The dataset is in my Segments.ai workspace, so I just need to connect via an API to access it. Contact me if you need access.

In [None]:
from segments import SegmentsClient

api_key = "XXXXXXXXXXXXXXXXXX"

client = SegmentsClient(api_key)

In [None]:
dataset_identifier = "neo/greenhouse"
name = "v0.1"

In [None]:
from segments.huggingface import release2dataset

release = client.get_release(dataset_identifier, name)
hf_dataset = release2dataset(release)

Map:   0%|          | 0/17 [00:00<?, ? examples/s]

Map:   0%|          | 0/17 [00:00<?, ? examples/s]

In [None]:
hf_dataset.features

{'name': Value(dtype='string', id=None),
 'uuid': Value(dtype='string', id=None),
 'status': Value(dtype='string', id=None),
 'image': Image(decode=True, id=None),
 'label.annotations': [{'id': Value(dtype='int32', id=None),
   'category_id': Value(dtype='int32', id=None)}],
 'label.segmentation_bitmap': Image(decode=True, id=None)}

In [None]:
from segments.utils import get_semantic_bitmap


def convert_segmentation_bitmap(example):
    return {
        "label.segmentation_bitmap":
            get_semantic_bitmap(
                example["label.segmentation_bitmap"],
                example["label.annotations"],
            )
    }


semantic_dataset = hf_dataset.map(
    convert_segmentation_bitmap,
)

Map:   0%|          | 0/17 [00:00<?, ? examples/s]



In [None]:
semantic_dataset = semantic_dataset.rename_column('image', 'pixel_values')
semantic_dataset = semantic_dataset.rename_column('label.segmentation_bitmap', 'label')
semantic_dataset = semantic_dataset.remove_columns(['name', 'uuid', 'status', 'label.annotations'])

In [None]:
semantic_dataset.features

I will train other models, so it is convenient to store the dataset in HF.

In [None]:
semantic_dataset.push_to_hub(f"MexicanVanGogh/greenhouse")

Map:   0%|          | 0/9 [00:00<?, ? examples/s]

Pushing dataset shards to the dataset hub:   0%|          | 0/2 [00:00<?, ?it/s]

Creating parquet from Arrow format:   0%|          | 0/1 [00:00<?, ?ba/s]

Map:   0%|          | 0/8 [00:00<?, ? examples/s]

Creating parquet from Arrow format:   0%|          | 0/1 [00:00<?, ?ba/s]

Import of the data set to verify that it is appropriate.

In [None]:
from datasets import load_dataset

hf_dataset_identifier="MexicanVanGogh/greenhouse"
ds = load_dataset(hf_dataset_identifier)

Downloading readme:   0%|          | 0.00/485 [00:00<?, ?B/s]

Downloading data files:   0%|          | 0/1 [00:00<?, ?it/s]

Downloading data:   0%|          | 0.00/35.7M [00:00<?, ?B/s]

Downloading data:   0%|          | 0.00/31.1M [00:00<?, ?B/s]

Extracting data files:   0%|          | 0/1 [00:00<?, ?it/s]

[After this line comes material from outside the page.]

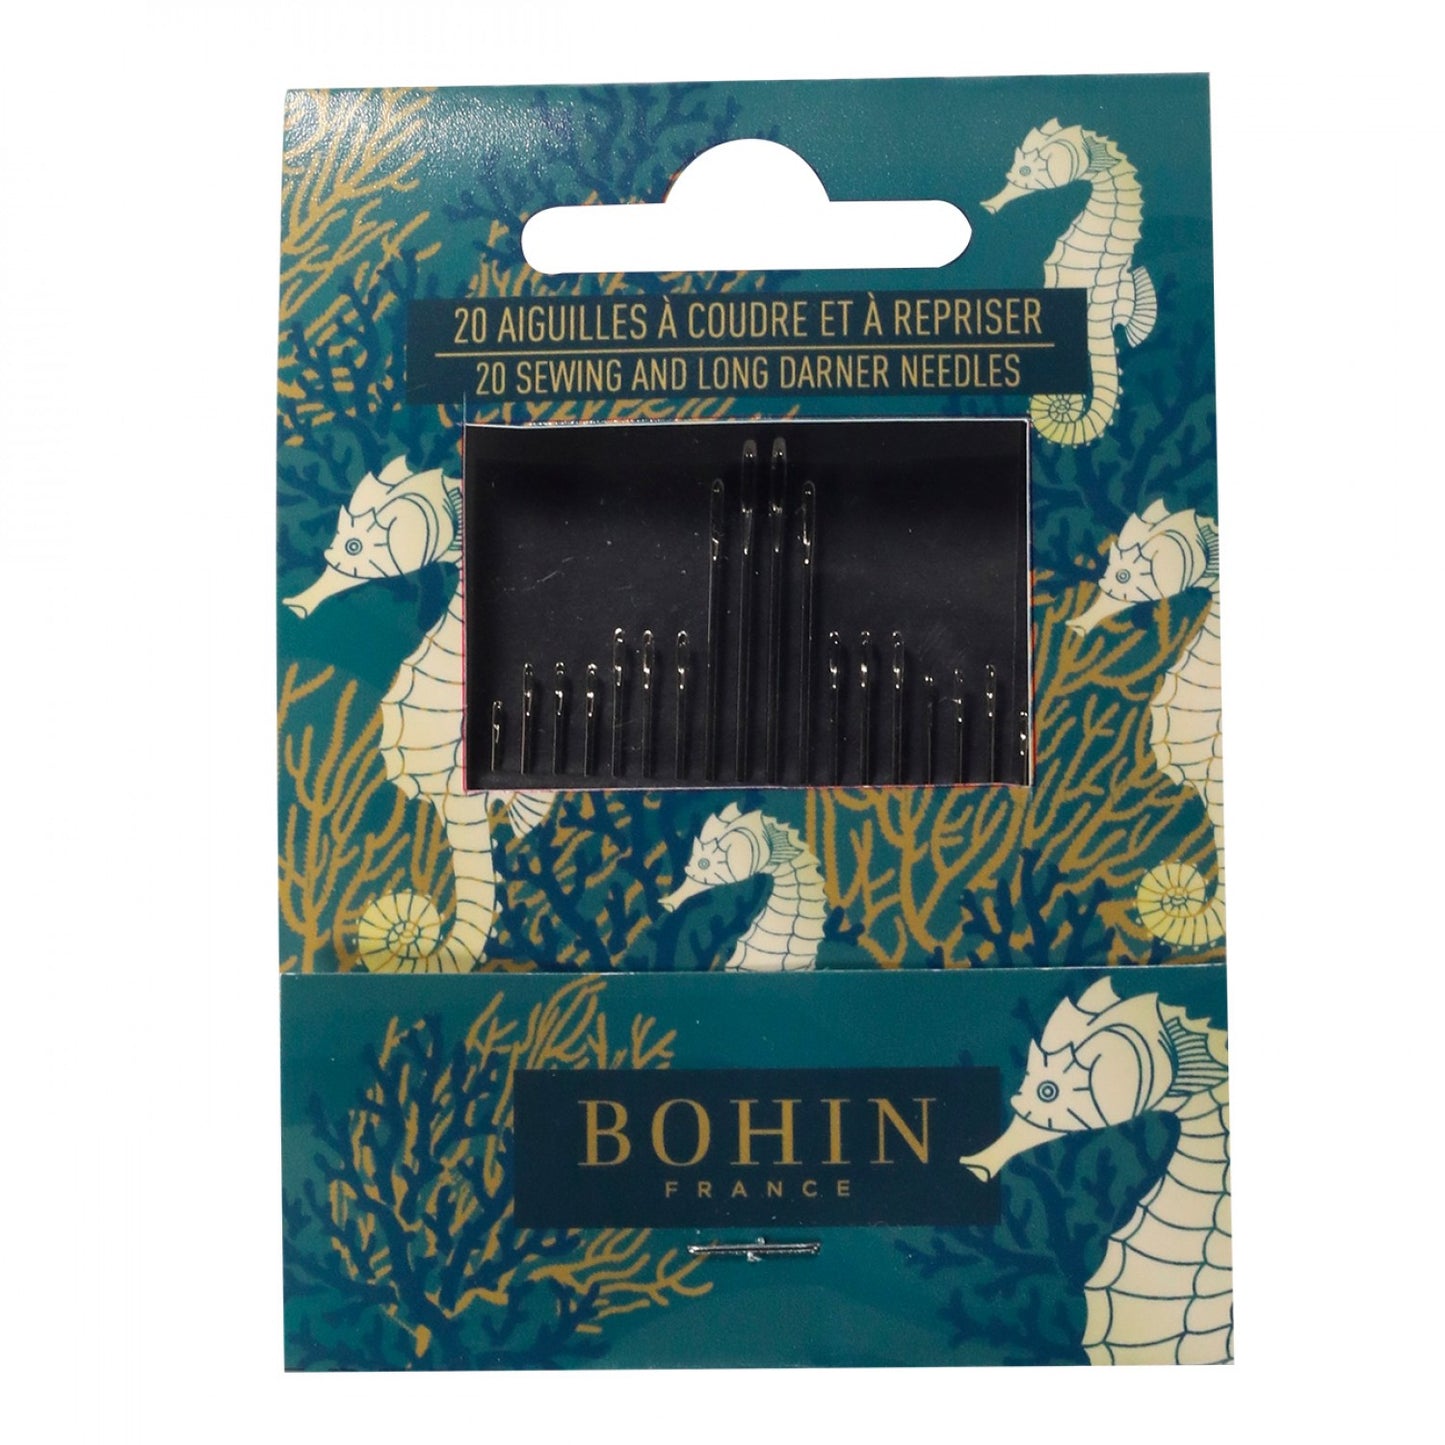 Assorted Needles Books - Bohin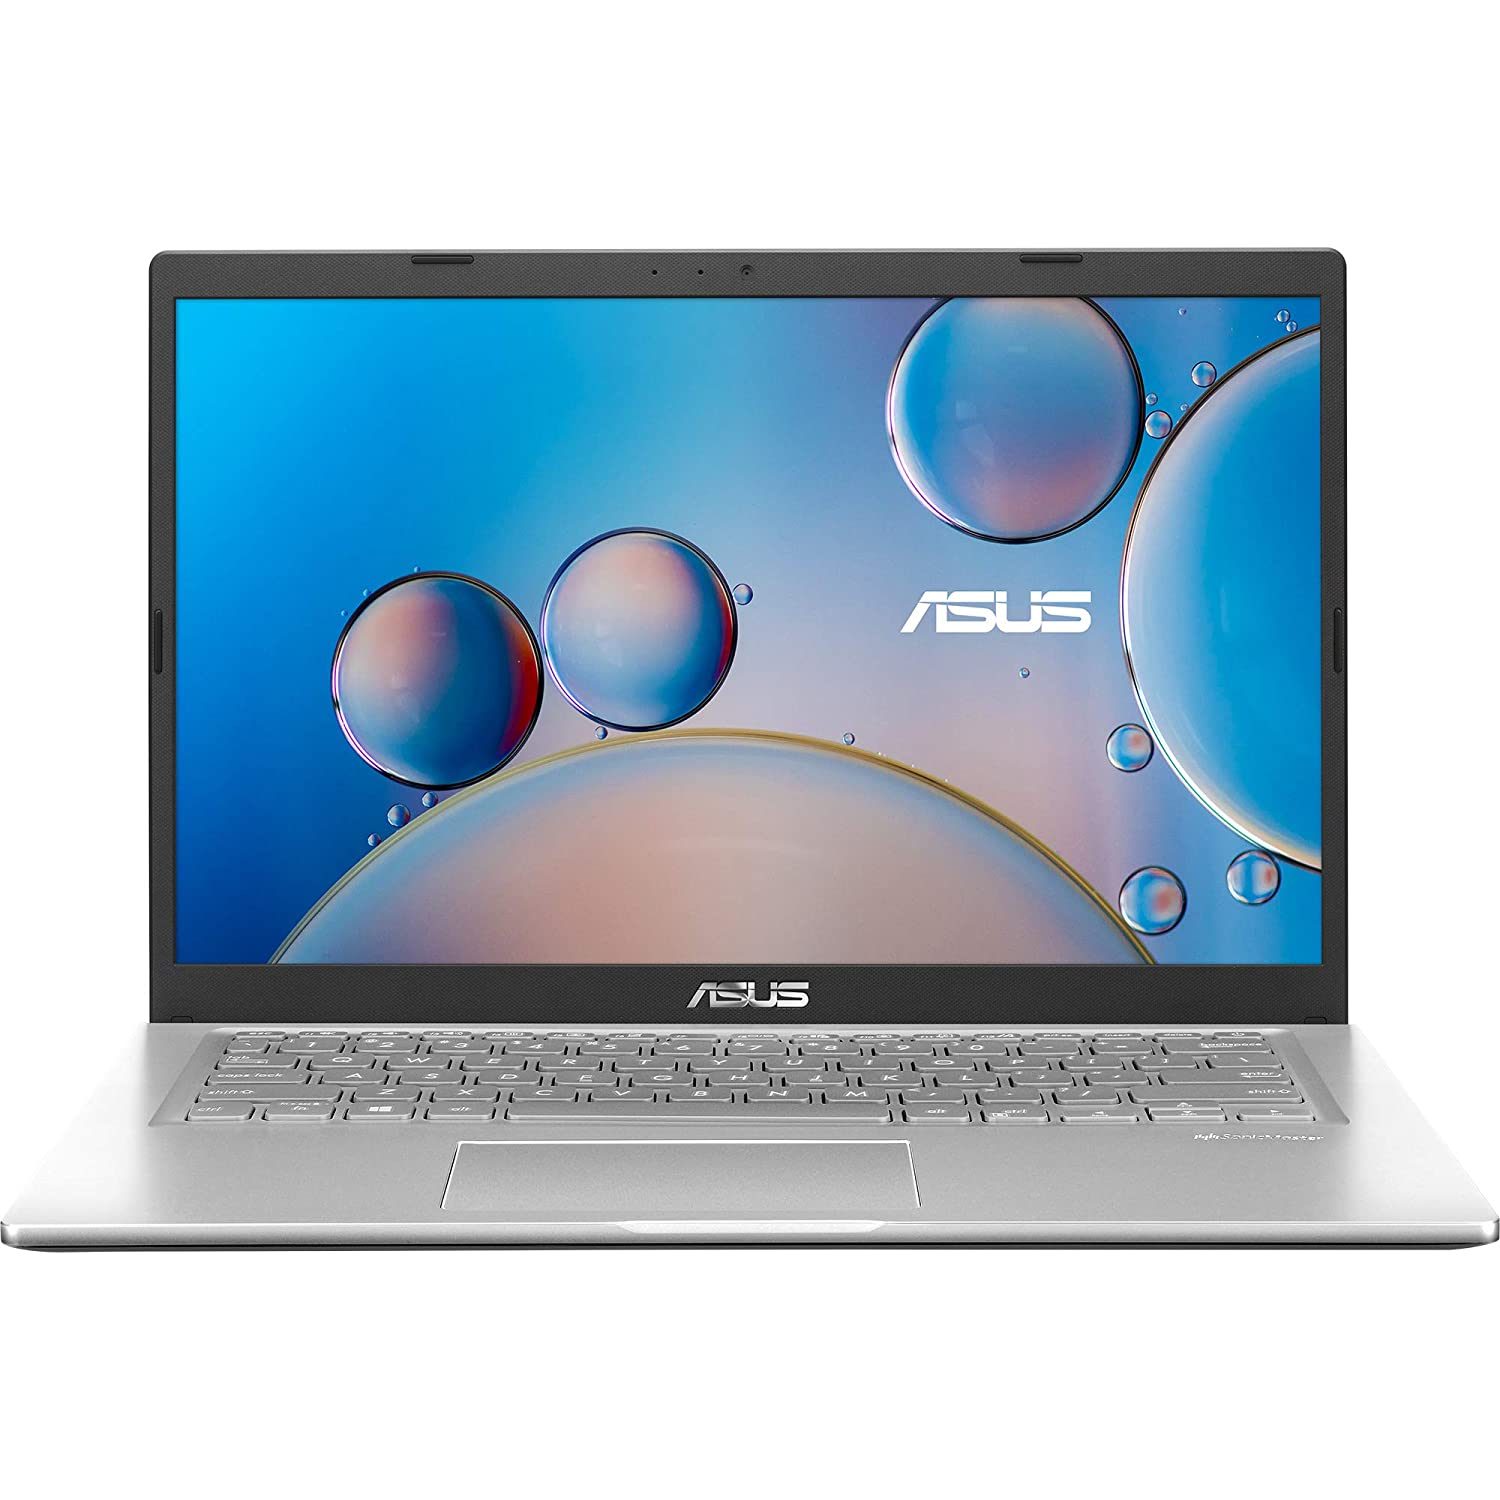 ASUS VivoBook 14 (2021), Intel Core i5-1035G1 10th Gen, (8GB RAM/512GB SSD/Office 2021/Windows 11/Integrated Graphics/Silver/1.6 Kg), X415JA-EB521WS 14-inch (35.56 cms) FHD Thin and Light Lap

Generating train split:   0%|          | 0/17 [00:00<?, ? examples/s]

In [None]:
ds

DatasetDict({
    train: Dataset({
        features: ['pixel_values', 'label'],
        num_rows: 17
    })
})

In [None]:
ds = ds.shuffle(seed=1)
ds = ds["train"].train_test_split(test_size=0.2)
train_ds = ds["train"]
test_ds = ds["test"]

In [None]:
ds

DatasetDict({
    train: Dataset({
        features: ['pixel_values', 'label'],
        num_rows: 13
    })
    test: Dataset({
        features: ['pixel_values', 'label'],
        num_rows: 4
    })
})

In [None]:
import json
from huggingface_hub import hf_hub_download

filename = "id2label.json"
id2label = json.load(open(hf_hub_download(repo_id=hf_dataset_identifier, filename=filename, repo_type="dataset"), "r"))
id2label = {int(k): v for k, v in id2label.items()}
label2id = {v: k for k, v in id2label.items()}

num_labels = len(id2label)
print("Id2label:", id2label)

Downloading (…)e/main/id2label.json:   0%|          | 0.00/210 [00:00<?, ?B/s]

Id2label: {0: 'unlabeled', 1: 'object', 2: 'road', 3: 'plant', 4: 'iron', 5: 'wood', 6: 'wall', 7: 'raw_road', 8: 'bottom_wall', 9: 'roof', 10: 'grass'}


Preprocessing is applied

In [None]:
from torchvision.transforms import ColorJitter
from transformers import (
    SegformerImageProcessor,
)

processor = SegformerImageProcessor()
jitter = ColorJitter(brightness=0.25, contrast=0.25, saturation=0.25, hue=0.1)

def train_transforms(example_batch):
    images = [jitter(x) for x in example_batch['pixel_values']]
    labels = [x for x in example_batch['label']]
    inputs = processor(images, labels)
    return inputs


def val_transforms(example_batch):
    images = [x for x in example_batch['pixel_values']]
    labels = [x for x in example_batch['label']]
    inputs = processor(images, labels)
    return inputs


# Set transforms
train_ds.set_transform(train_transforms)
test_ds.set_transform(val_transforms)

The cache for model files in Transformers v4.22.0 has been updated. Migrating your old cache. This is a one-time only operation. You can interrupt this and resume the migration later on by calling `transformers.utils.move_cache()`.


0it [00:00, ?it/s]

Segformer pre-trained model is imported

In [None]:
from transformers import SegformerForSemanticSegmentation

pretrained_model_name = "nvidia/mit-b0"
model = SegformerForSemanticSegmentation.from_pretrained(
    pretrained_model_name,
    id2label=id2label,
    label2id=label2id
)

Downloading (…)lve/main/config.json:   0%|          | 0.00/70.0k [00:00<?, ?B/s]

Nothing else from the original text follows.